▶ _WORK REQUEST_
Pictures excluded, copy all of the data below exactly.

▶ _RECORDED INFORMATION_
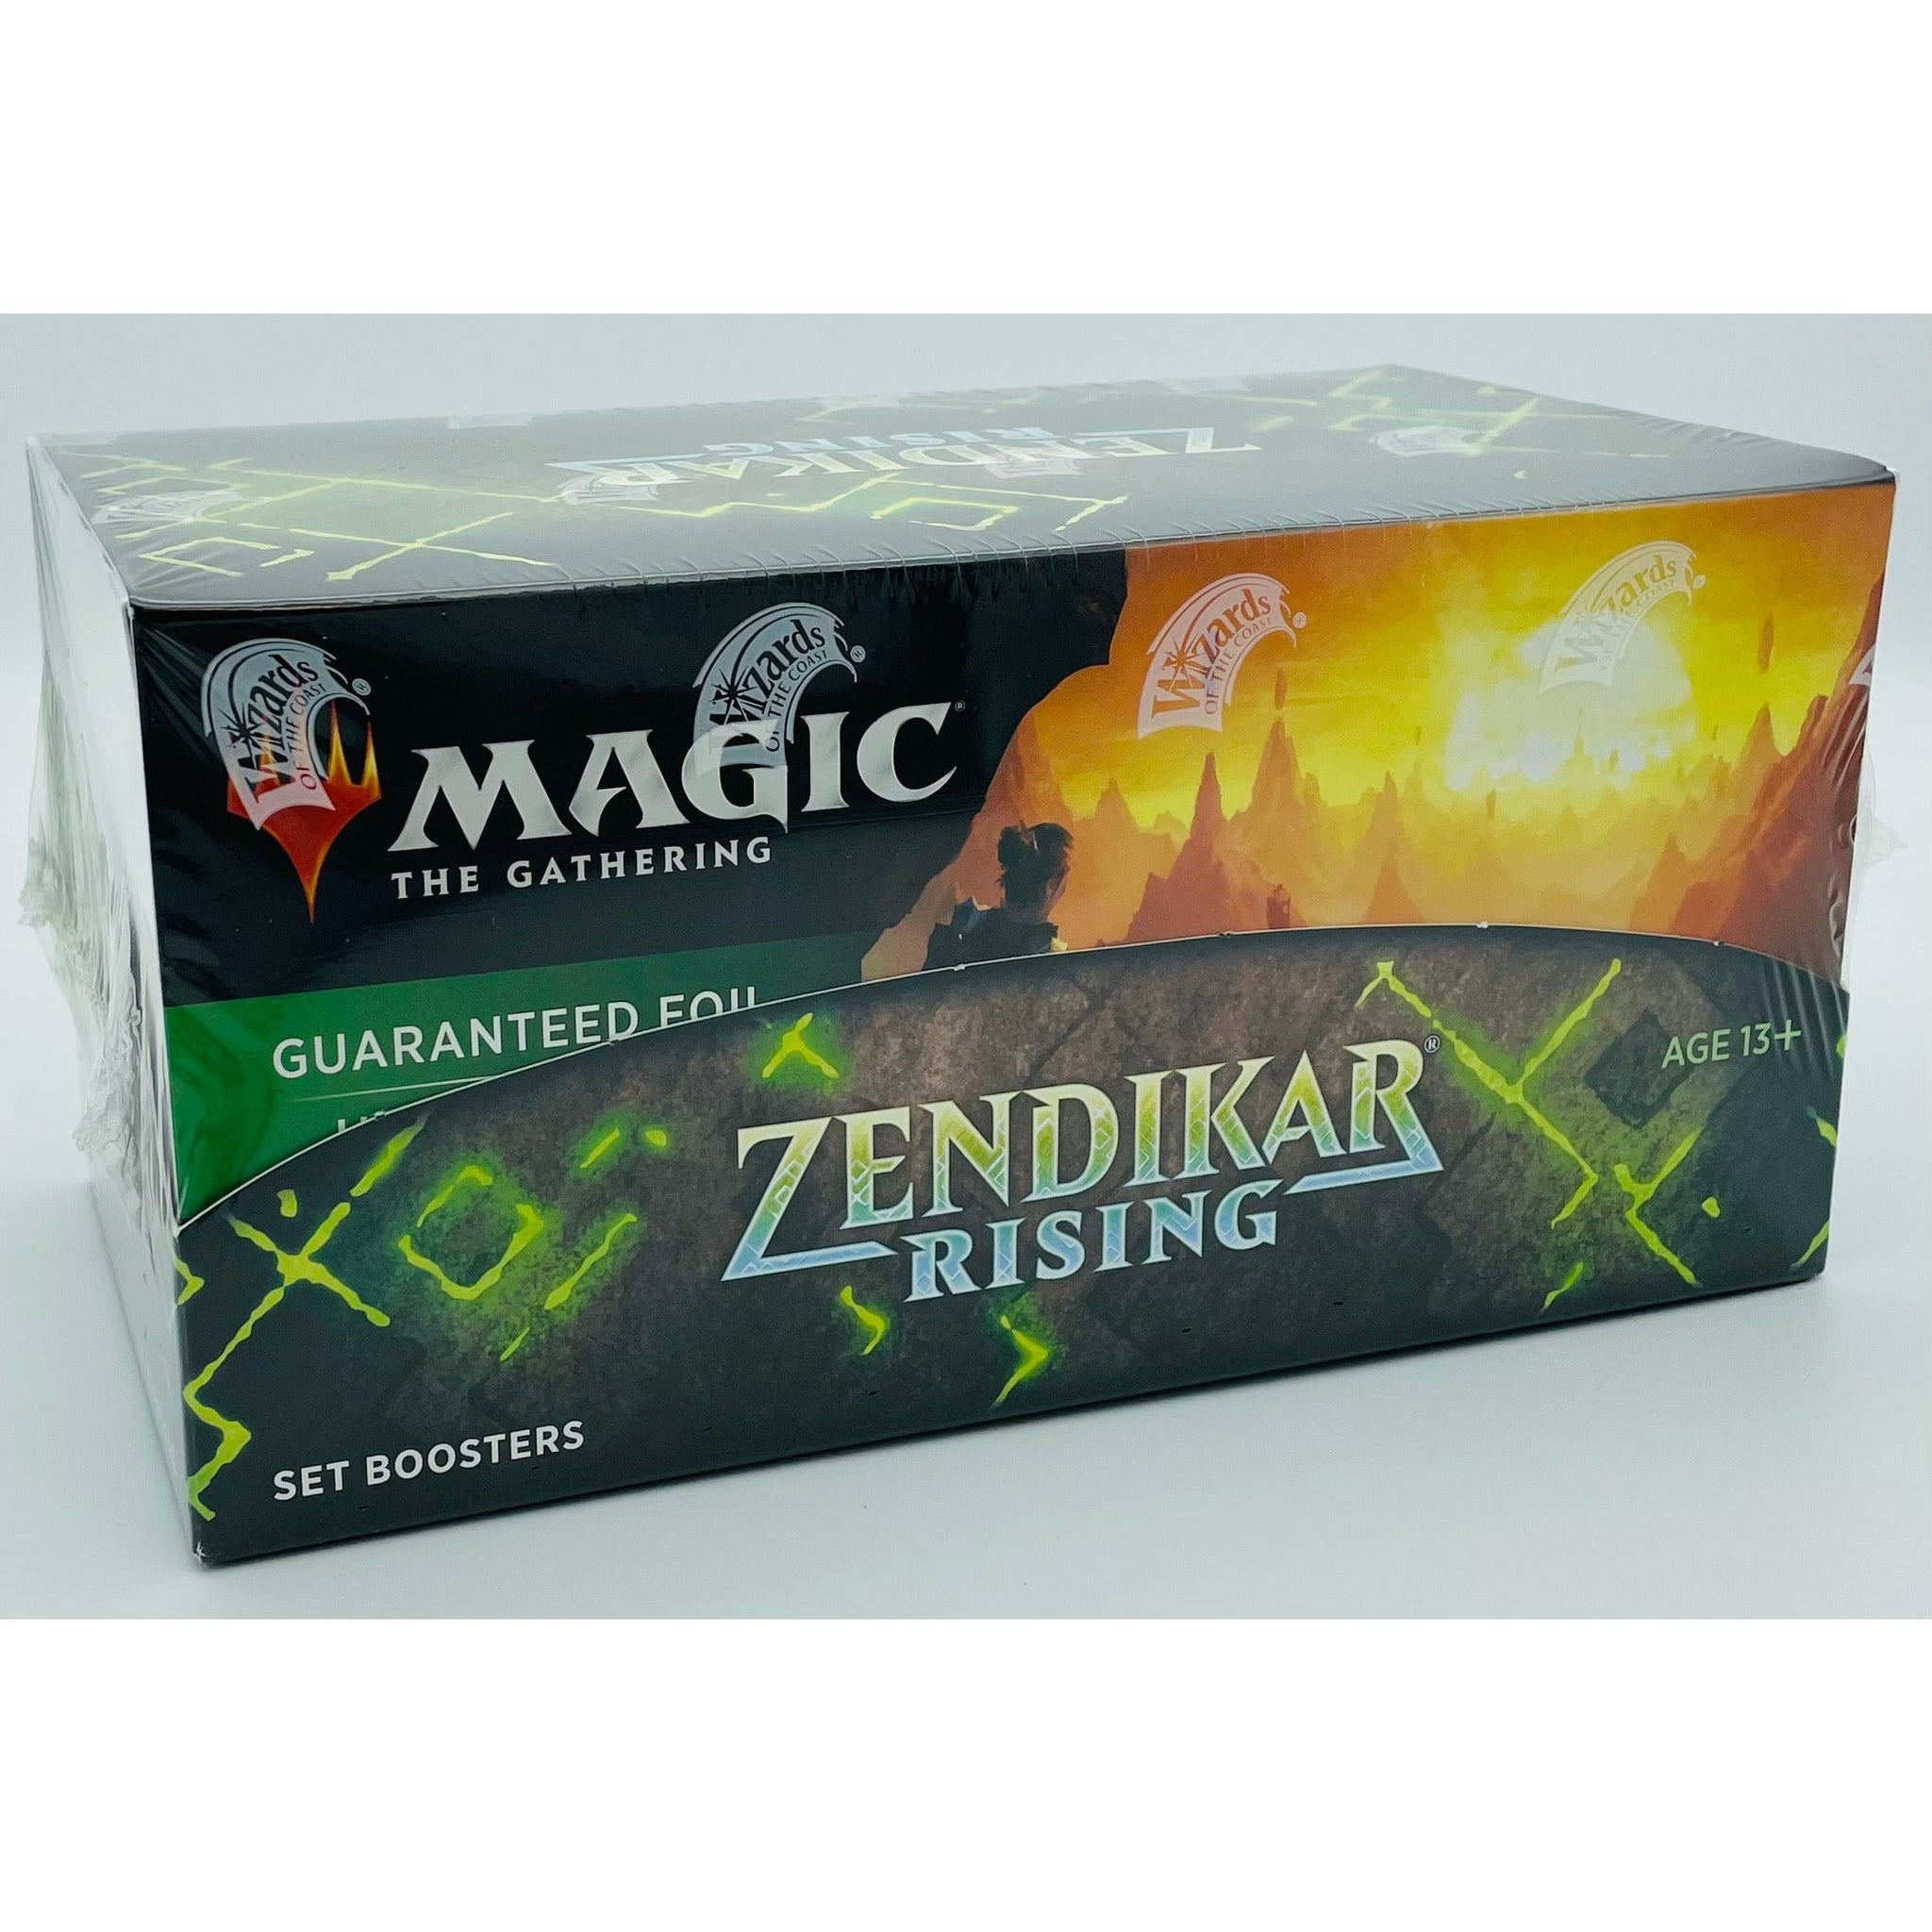 Magic The Gathering - Zendikar Rising Set Booster Box - 30 Packs 360 Cards + 1
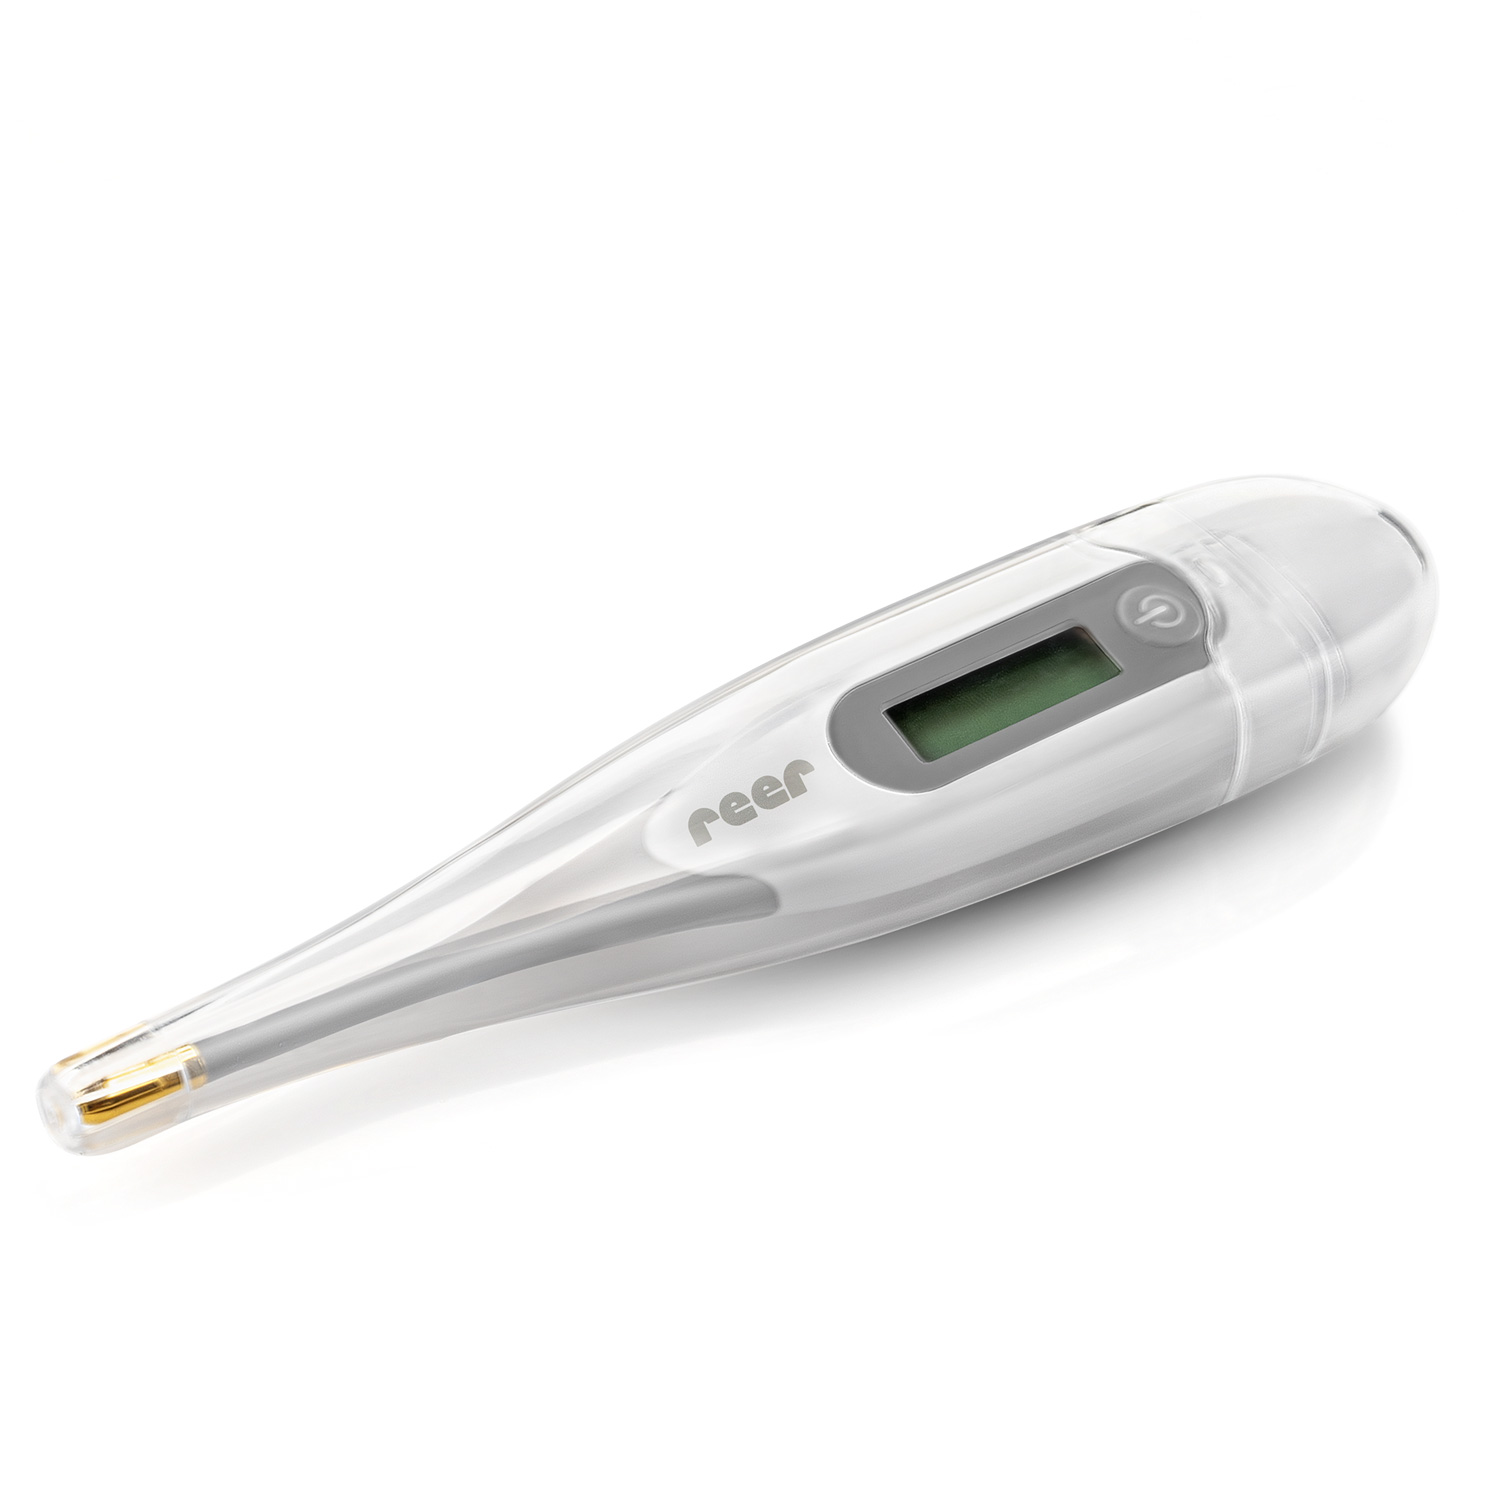 ExpressTemp digital Express-Thermometer
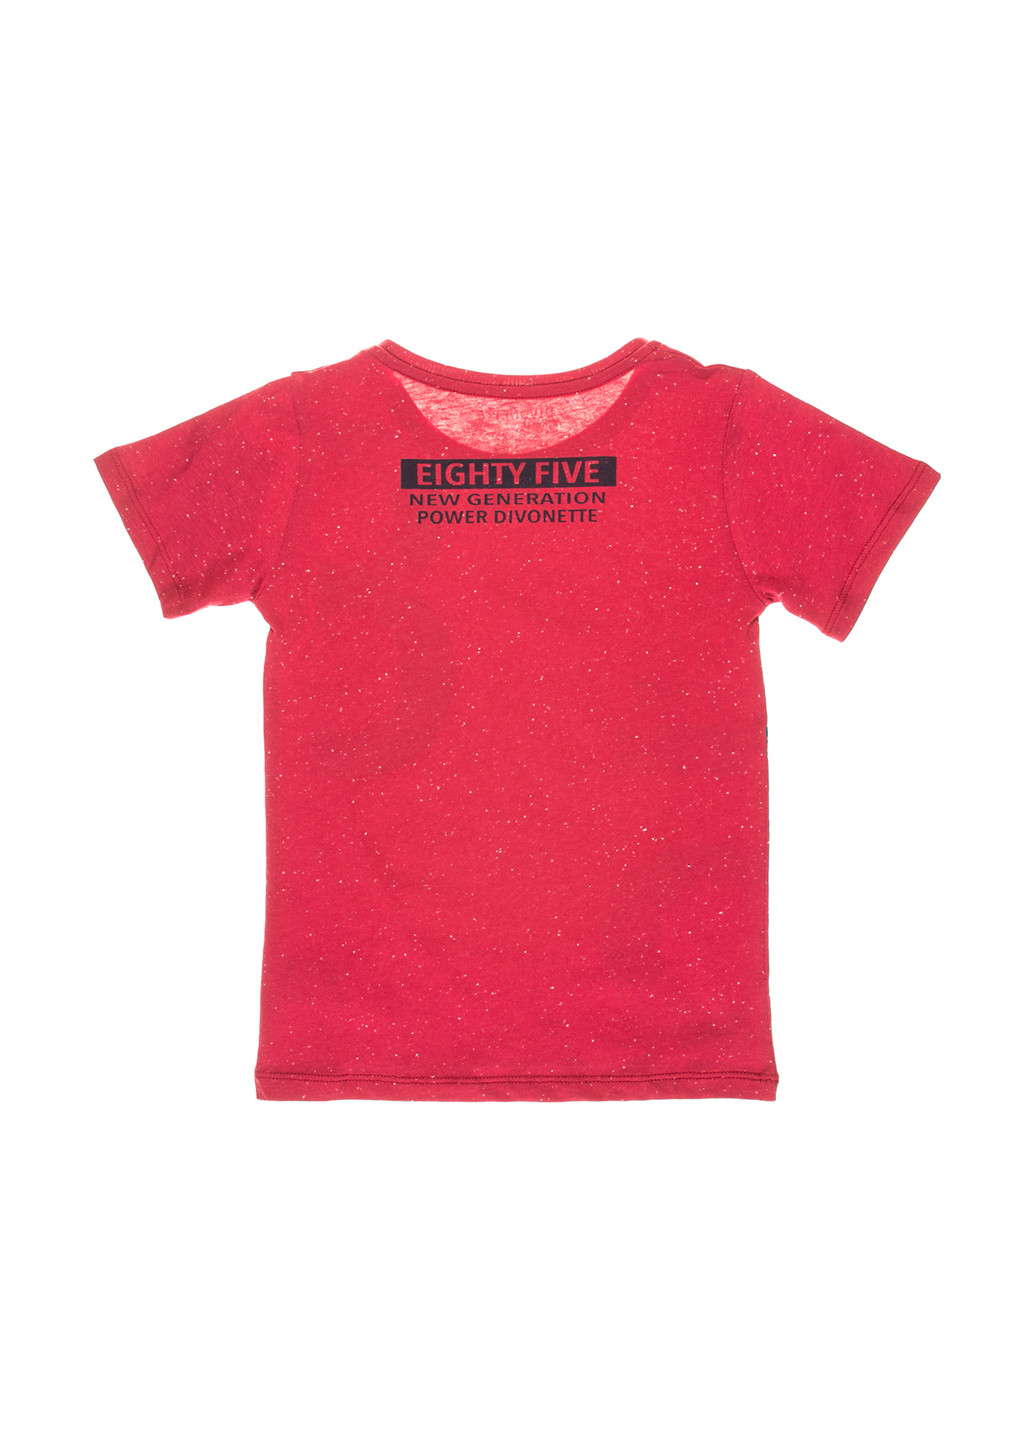 Бордовая летняя футболка с коротким рукавом Divonette
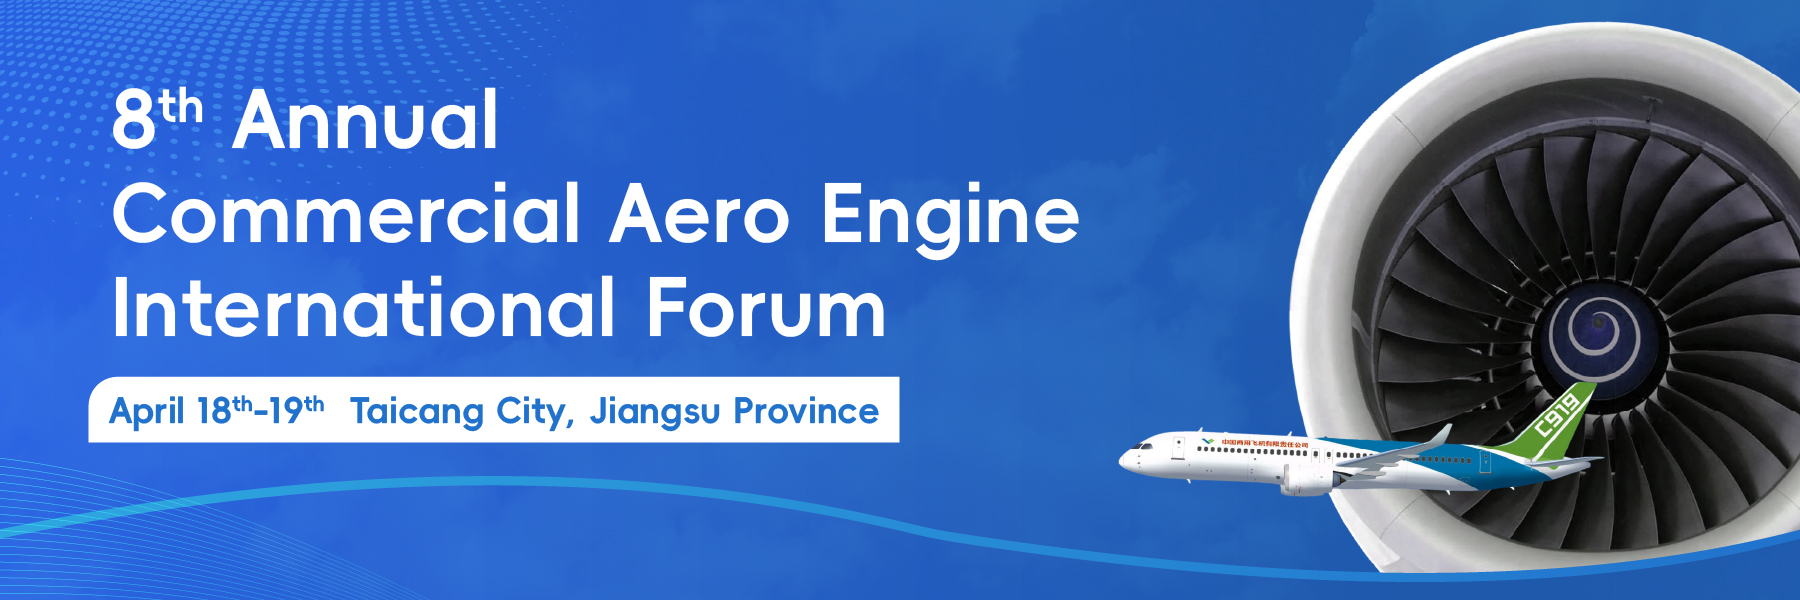 8th Annual Commercial Aero Engine International Forum

▶ _SOLUTION FOR THIS EXERCISE_
 Magic The Gathering - Zendikar Rising Set Booster Box - 30 Packs 360 Cards + 1
 ExpressTemp digital Express-Thermometer
 Бордовая летняя футболка с коротким рукавом Divonette
 8th Annual Commercial Aero Engine International Forum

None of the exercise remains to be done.